• Task goal
Restate word for word the lines in the listing below, starting at the line containing "ATA Partners-ის ფინანსური" and ending at the line containing "V_Submersible_151116_MilitaryVersion_v001_007_FDM.jpg", both included; leave out the rest.

• Dataset entries
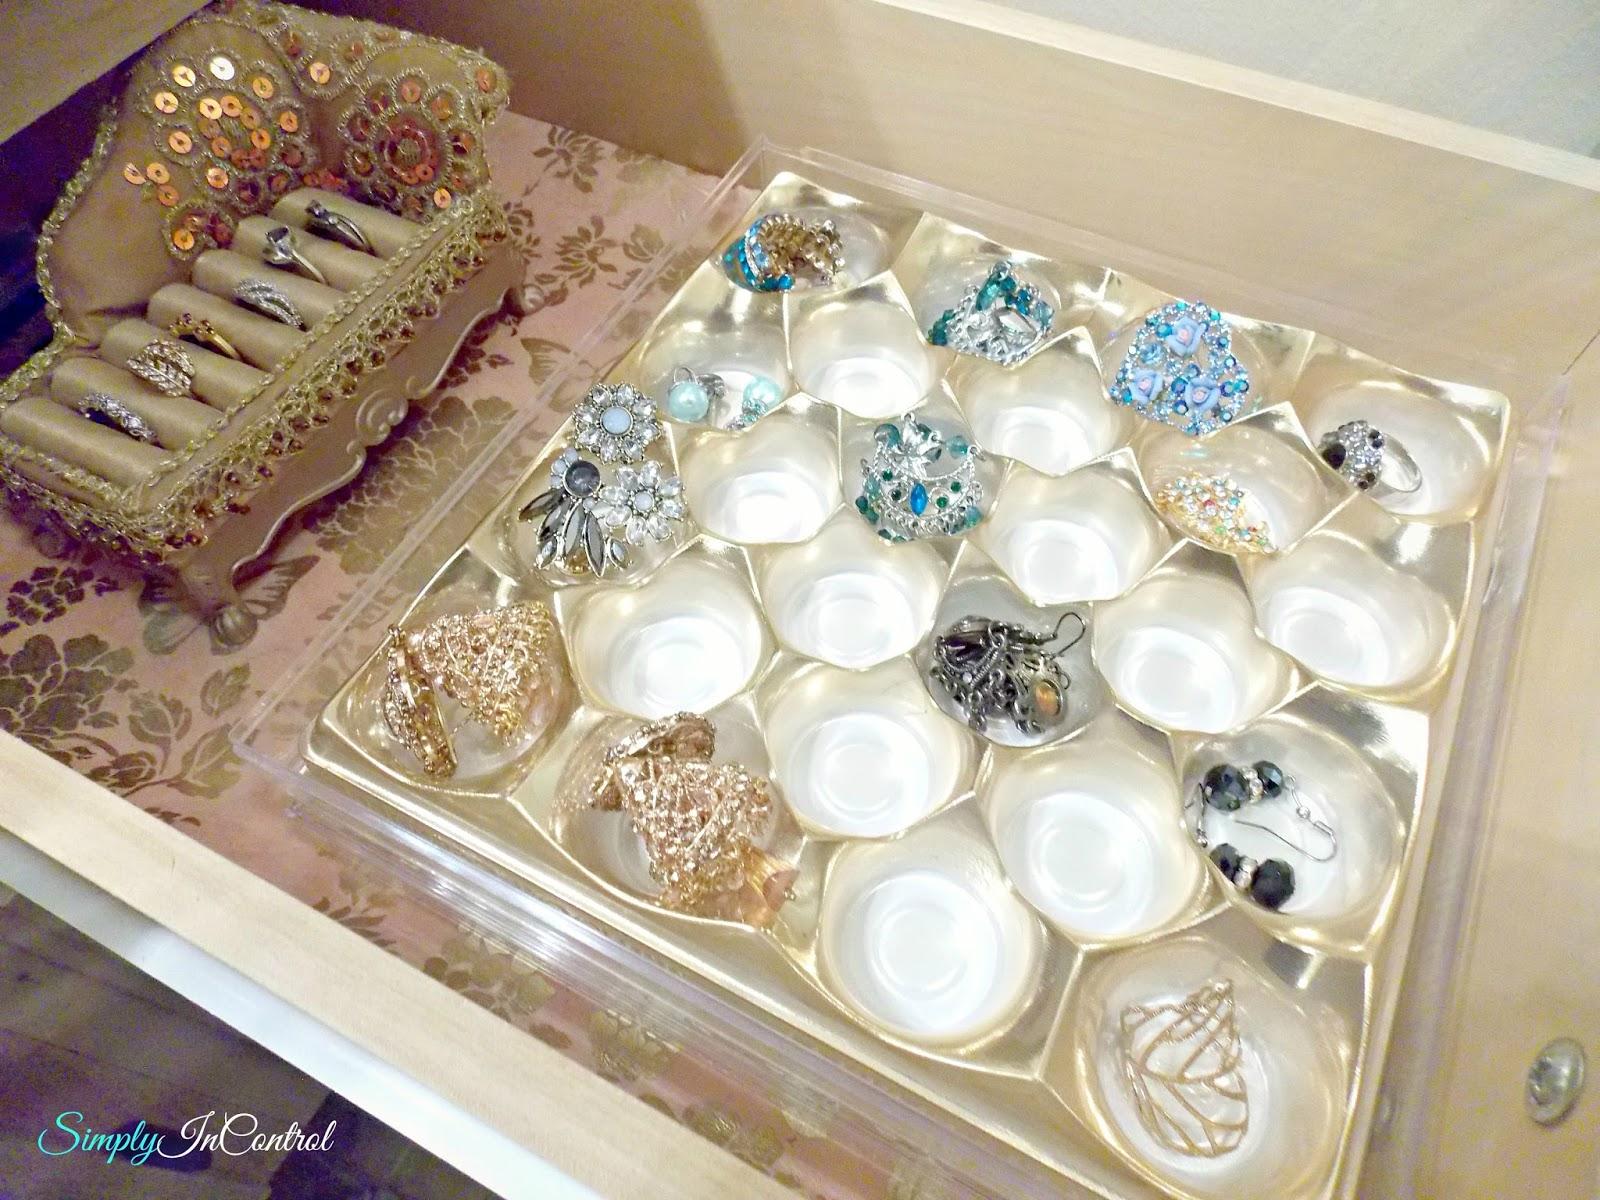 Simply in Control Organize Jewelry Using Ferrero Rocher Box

...

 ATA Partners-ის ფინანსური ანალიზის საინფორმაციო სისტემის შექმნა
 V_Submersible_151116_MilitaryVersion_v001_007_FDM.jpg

• The completed task
 ATA Partners-ის ფინანსური ანალიზის საინფორმაციო სისტემის შექმნა
 V_Submersible_151116_MilitaryVersion_v001_007_FDM.jpg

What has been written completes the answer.